“One of these days you’re going to stop being so emo”, she says.
She has a point. Hell, I look at writings of mine, like, say, the post before this one and part of me just cringes. It’s all so immature, so junior high.
Do I need to just grow up? I wonder.
Growing up has become less and less important to me in the past few years. I feel like I’ve had it up to here with growing up. I spent my childhood growing up at an accelerated rate, learning to be a responsible little adult in a chaotic world. Where many of my peers are just now discovering the calm and empowerment that comes with maturity, I’m disallusioned with it. It’s a worthwhile path, but it only goes so far. It can teach you how to cope, but not how to live.
I can out grown-up anyone my age and a good percentage of my elders. I’ve been there, done that. I had to. I can do patient acceptence, and Taking The Long View, and sound financial decisions, and all that jazz. Don’t talk to me about maturity. If I’m not handling something in a suitably “adult” manner, it’s not because I don’t know how.

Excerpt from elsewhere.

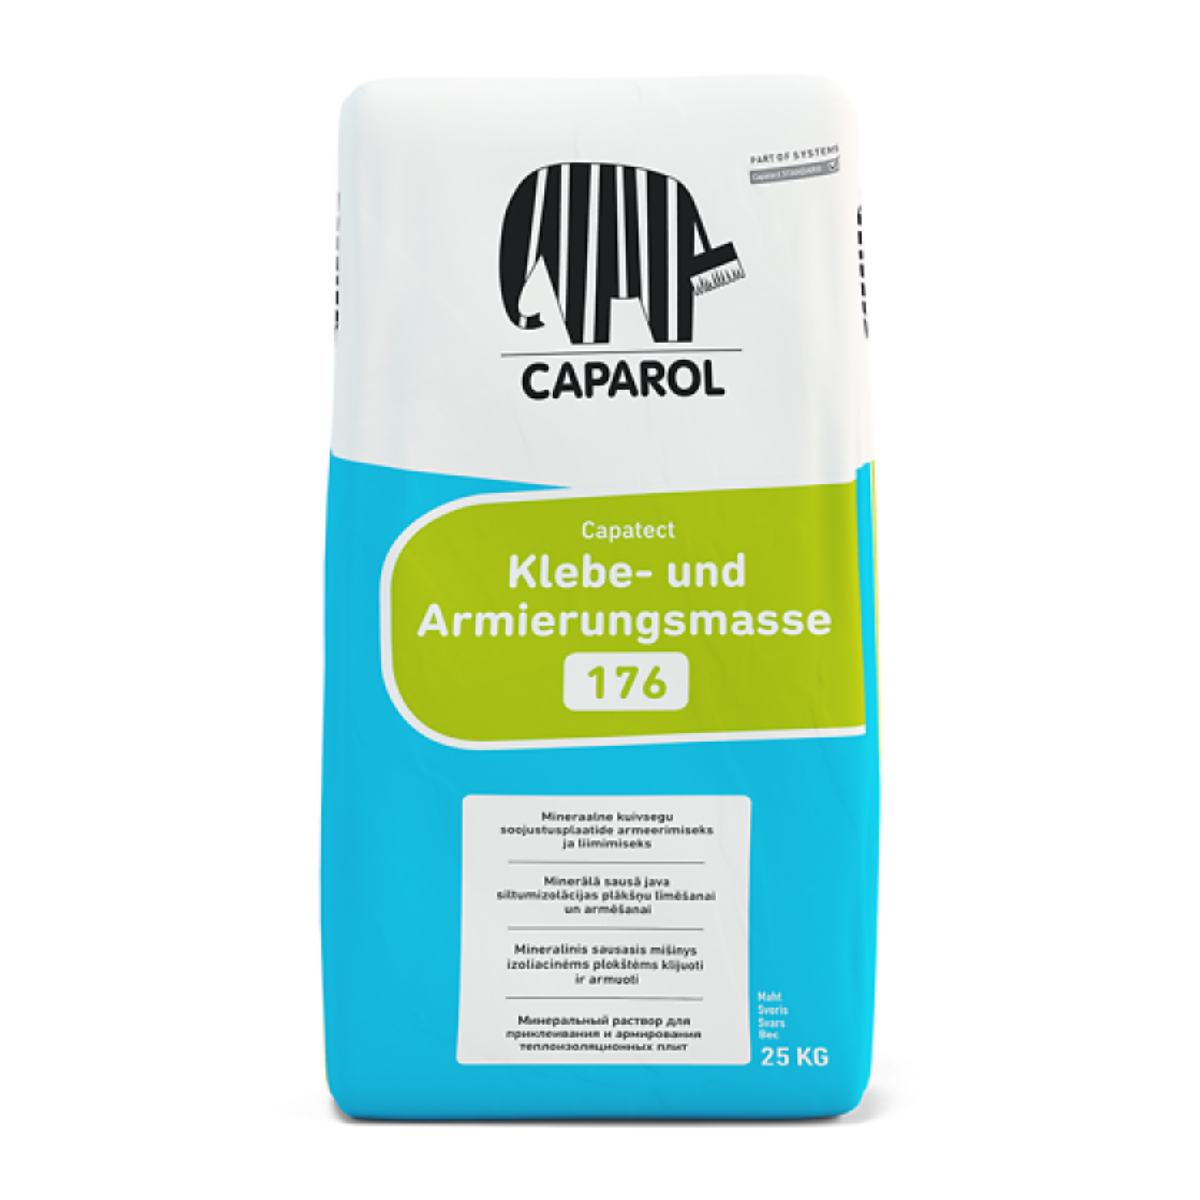 Caparol Capatect Klebe-und Armierungsmasse 176 līmēšanas un armēšanas java polistirolam un minerālvatei, 25kg

It takes more than just maturity to make up a complete life, just as it takes more than youthful verve and vitality. If I’ve learned anything from psychology it’s that you can’t expect parts of your soul to just go away if you ignore them long enough, like teeth will. Every facet of the soul craves expression at some time or another. Maturity has long been my most expressed attribute. What of the others?
I used to be proud of the fact that I never went through the period of rebellion that most teenagers go through. I’m realizing now that rebellion isn’t just a backlash against insufficient parenting; it’s an essential part of human development in and of itself. Maybe we all need to rage against The Man at some point.
I clung to the formula I had been given like a magic spell: home, job, wife, children. But life is not like a referentially transparent language: order matters. You can’t skip whole segments around and expect the soul to be satisfied. I understand that now.